AMERICAN energy giant Chevron has rejected overtures from Woodside for a joint development of their adjacent Wheatstone and Pluto liquefied natural gas projects in the Carnarvon Basin off the coast of Western Australia.

The clash between the two oil and gas heavyweights spilled over to the annual conference of the Australian Petroleum Production and Exploration Association.

Woodside’s managing director, Don Voelte, told the conference that construction of new LNG projects “all along the WA coast” did not make sense, given that billions of dollars worth of infrastructure was in operation (the Woodside-managed North West Shelf project) or under construction (Woodside’s $12 billion Pluto project) at Karratha.
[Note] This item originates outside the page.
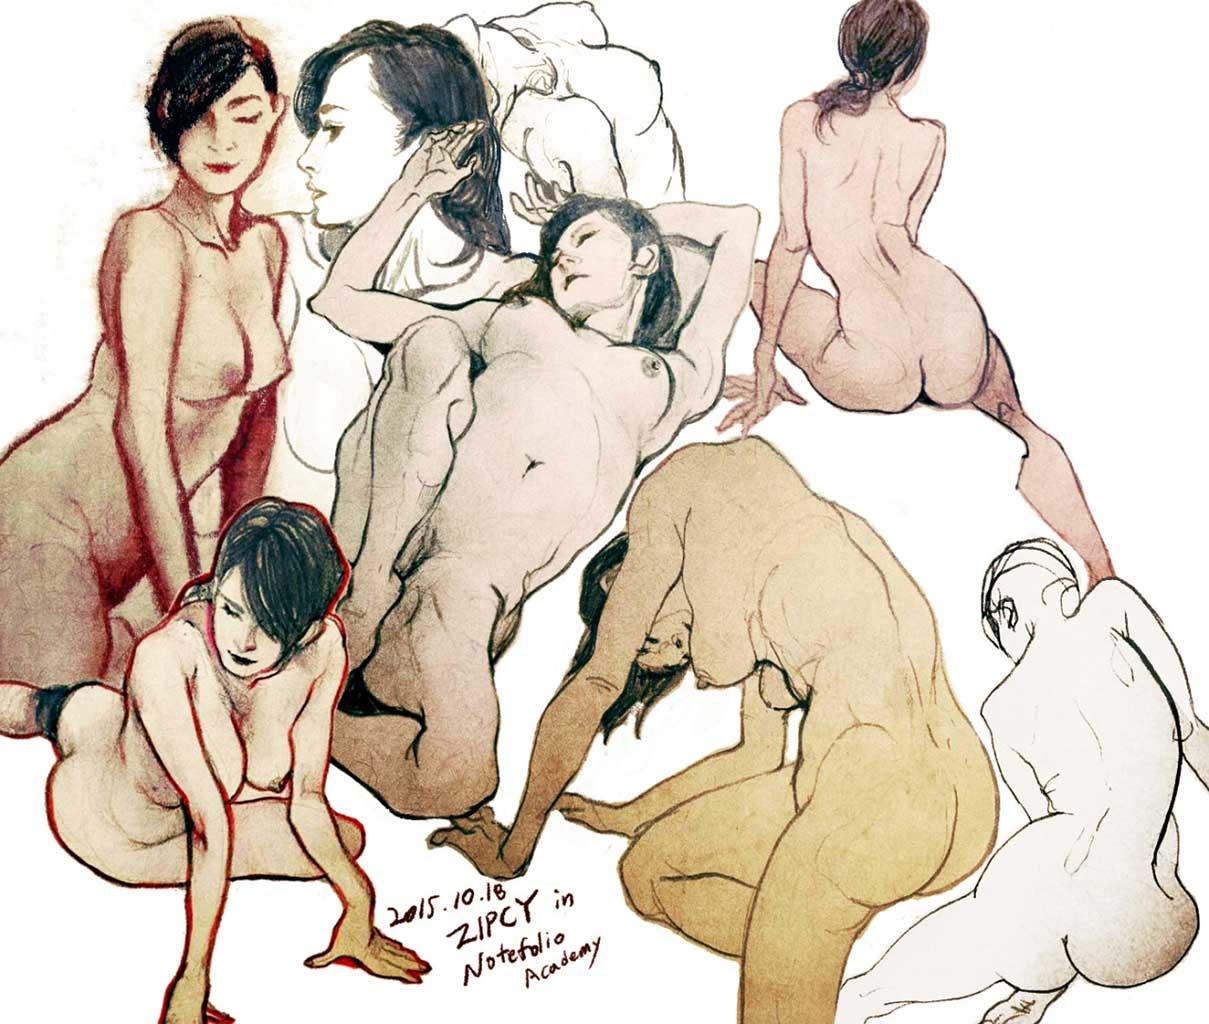 Zipcy, Ян Сэ Ын (Yang Se Eun), Erotic Picture — 34
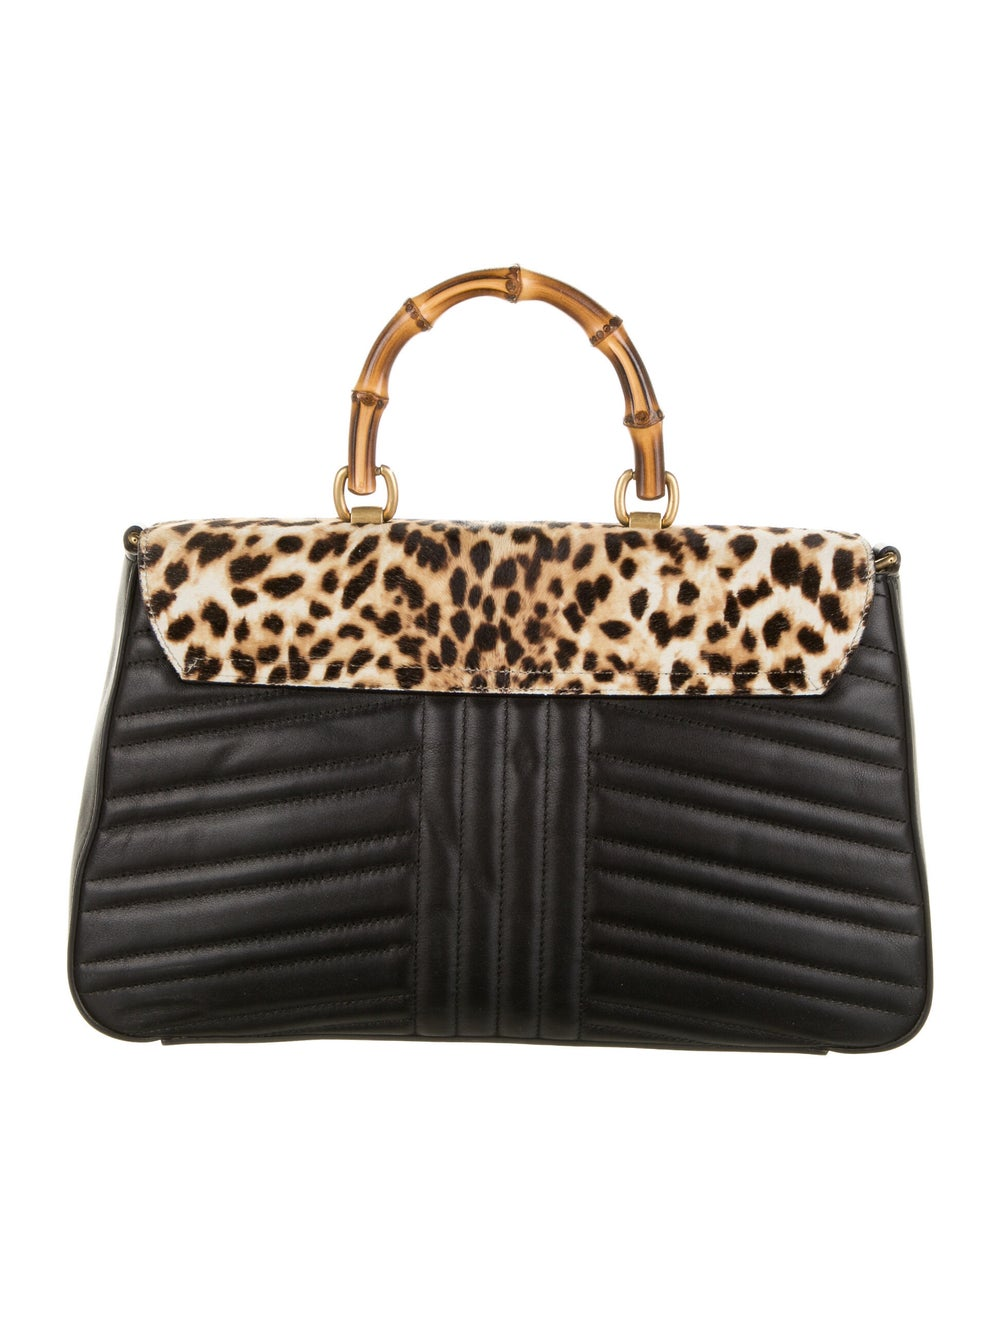 Gucci Bamboo Leopard Top Handle Bag Black - image 4

Woodside wants Chevron to wrap its Wheatstone gas into its Pluto project. But Chevron’s managing director for Australia, Roy Krzywosinski, has other ideas.

He revealed at the conference that Chevron had plans for Wheatstone to underpin the development of a $30 billion LNG processing hub near Onslow, initially with two LNG processing trains but with the intention of eventually going to five trains using third-party gas.

“No matter what way you look at it, Wheatstone is a winner. We have enough (100 per cent owned) gas to underpin a multiple train development now,” Mr Krzywosinski said.

He said Chevron wanted to attract third-party gas that sits in the western Carnarvon Basin where it is not currently economic to take all the way to Karratha, home to the Pluto plant being built by Woodside.

“We’re in a position at Wheatstone to lower the economics for all of the gas that has been deemed uneconomic,” he said. “Once you start building the infrastructure, you start lowering the economic limit for other gas to enter the system.”

He said Chevron was planning to spend more than $US500 million ($618 million) on preliminary engineering studies. A final investment decision was expected in 2011.

“We’re not giving lip service here. We’ve got tangible plans in place,” Mr Krzywosinski said.

That remark was in response to Mr Voelte’s earlier suggestion that state and federal governments could intervene if companies were incapable of coming to sensible joint venture arrangements for LNG developments.